The possible hijacking of a Democratic majority would rest on these words: “Each House shall be the Judge of the Elections, Returns and Qualifications of its own Members, and a Majority of each shall constitute a Quorum to do Business.” More plainly, voters may believe they are choosing their preferred representative—that once they see their district’s race called on election night, they can sleep peacefully in the knowledge the winner will be sworn in. Ultimately, the final arbiter of those elections is the speaker of the House.
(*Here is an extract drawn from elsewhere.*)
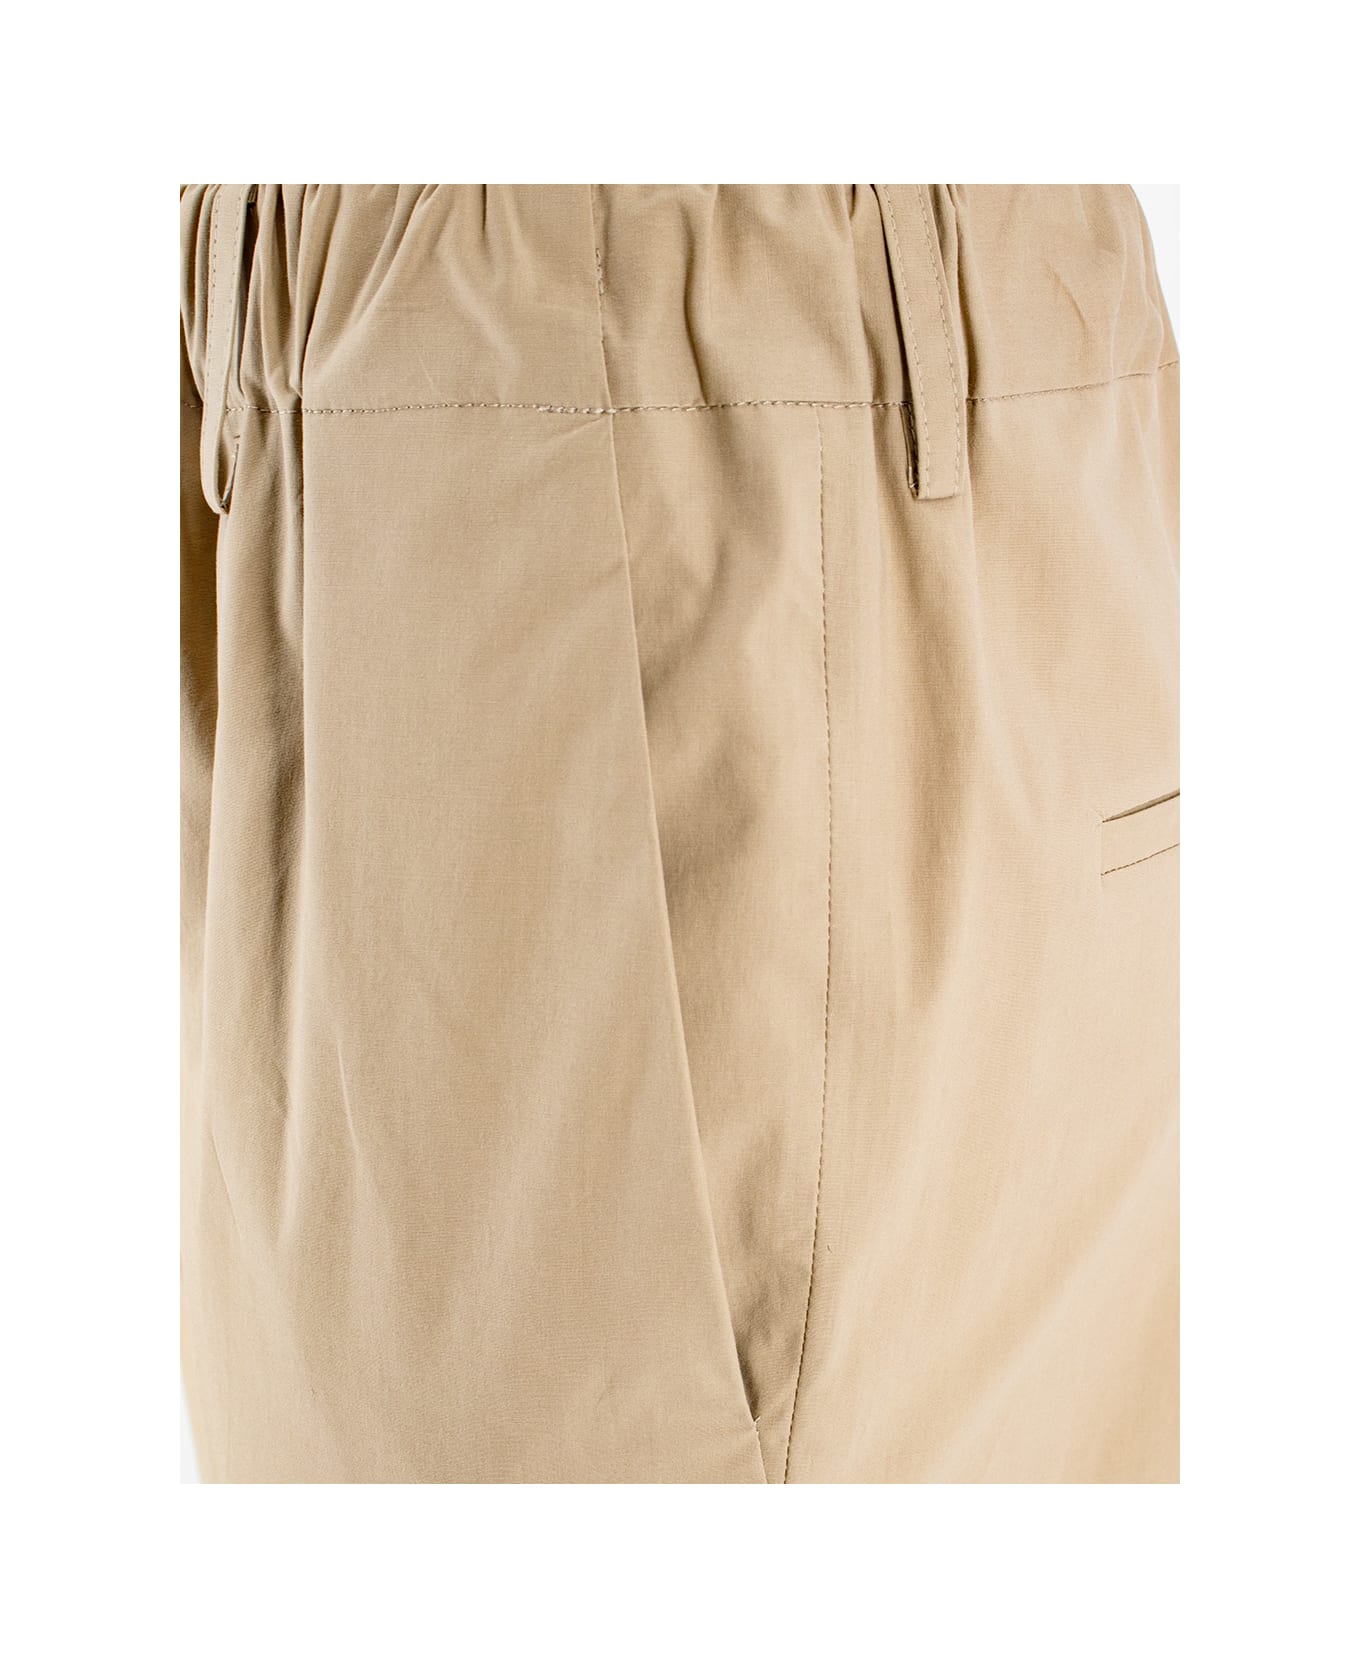 Antonelli Trousers - BROWN ボトムス

And if an election is close—perhaps even beset by accusations of fraud—then the speaker has enough constitutional leeway to override election results.
Believe it or not, we’ve seen it happen before. In 1984, a Democratic-controlled House of Representatives refused to seat newly elected Republican Rick McIntyre from Indiana’s notorious “bloody” 8th congressional district. He’d just beaten incumbent Democrat Frank McCloskey by a mere 34 votes, but questions about the vote counting abounded, leading House Democrats to appoint a three-person commission to investigate further. They ultimately found that McCloskey had held the seat by four votes and seated him instead—reversing the results of the election.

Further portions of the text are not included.